MethodsThis observational cross-sectional study assessed the influence of OCT1 (rs628031) and OCT3 (rs2292334) polymorphisms on metformin response in T2DM patients. Metformin response was determined based on HbA1c levels, dividing patients (n = 177) into two categories: responders (HbA1C<7%; n = 127) and non-responders (HbA1C≥7%; n = 50). Responders were further classified as T2DM patients receiving either monotherapy (n = 55) or combination therapy (n = 72). Genotyping was conducted using the PCR-RFLP method.

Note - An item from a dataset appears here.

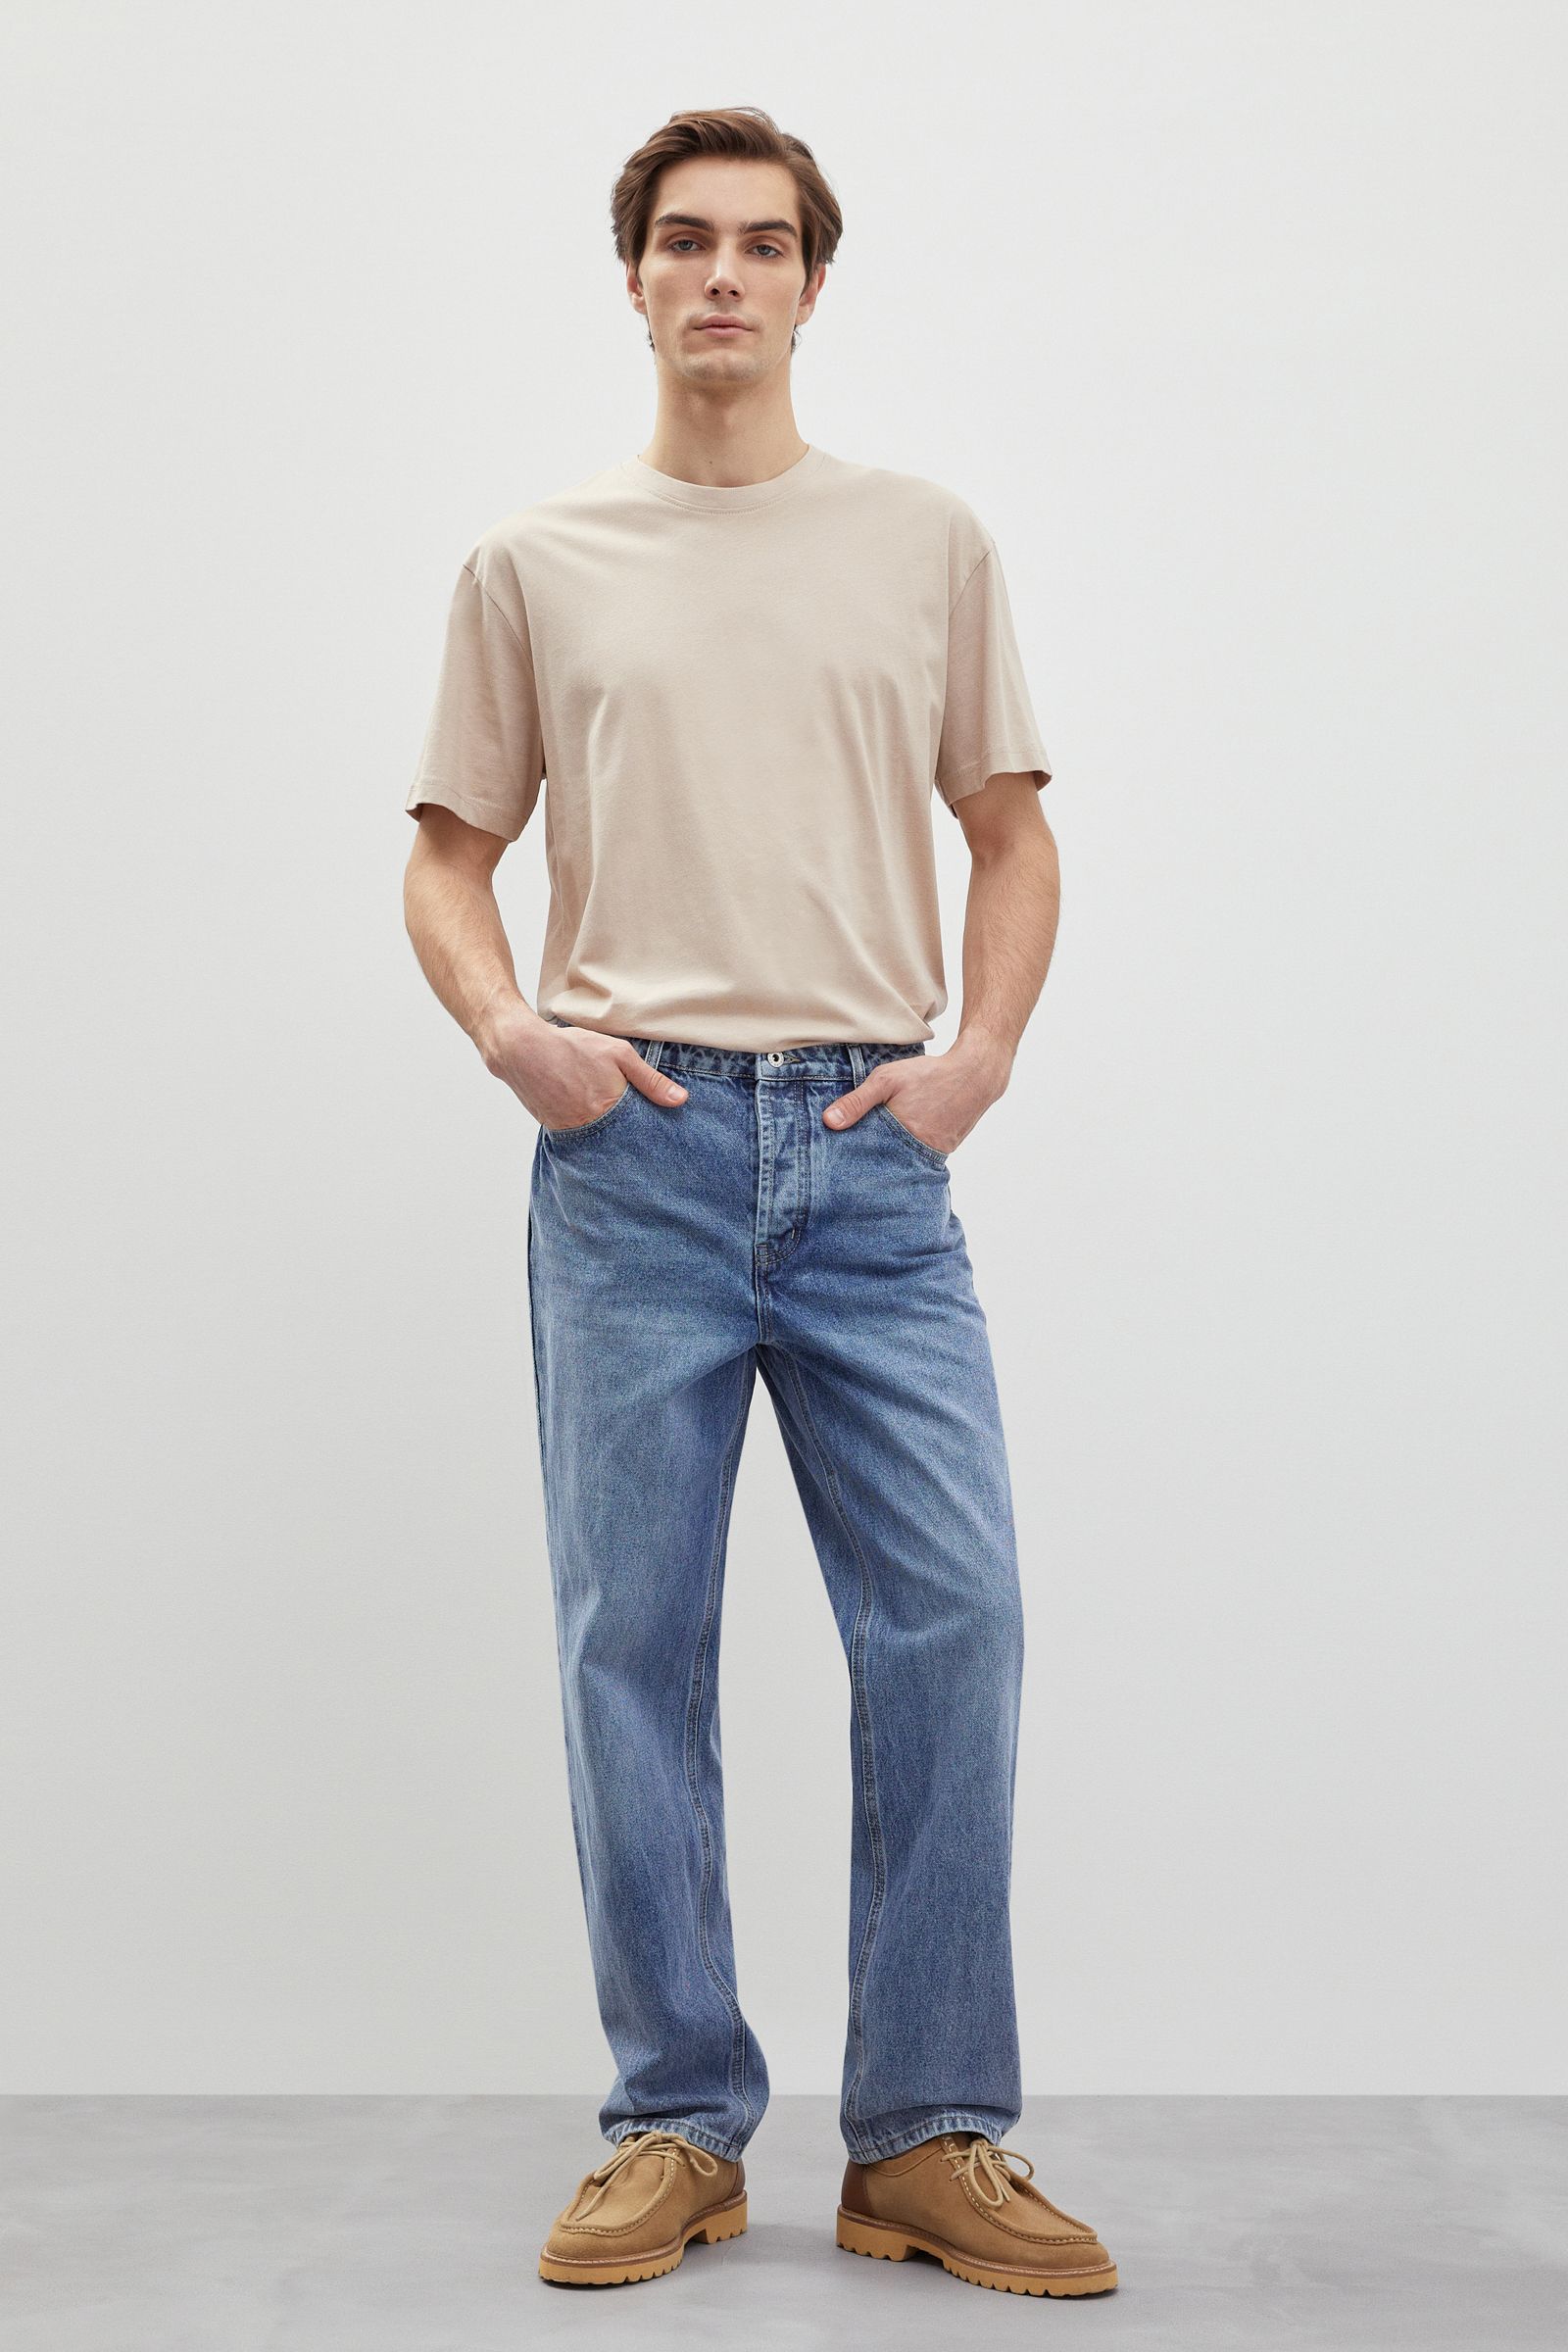 Женские прямые джинсы — купить в интернет-магазине Ламода

ResultsNo significant association was observed between OCT1 (rs628031) polymorphism and metformin response in T2DM patients. However, a notable association was found between OCT3 (rs2292334) polymorphism and metformin response. Carriers of the AA genotype exhibited enhanced efficacy of metformin in both monotherapy (OR (CI)= 0.29(0.11-0.72), p=0.007) and combination therapy (OR (CI)= 0.41(0.16-1.0), p=0.047). Additionally, the A allele was more prevalent in responders (OR (CI)= 0.48(0.28-0.84), p=0.010), while the G allele was associated with reduced efficacy of metformin in T2DM patients (OR (CI)= 2.07(1.19-3.61), p=0.010).
ConclusionGenotyping of OCT3 (rs2292334) may serve as a valuable tool in predicting the response to metformin in T2DM patients.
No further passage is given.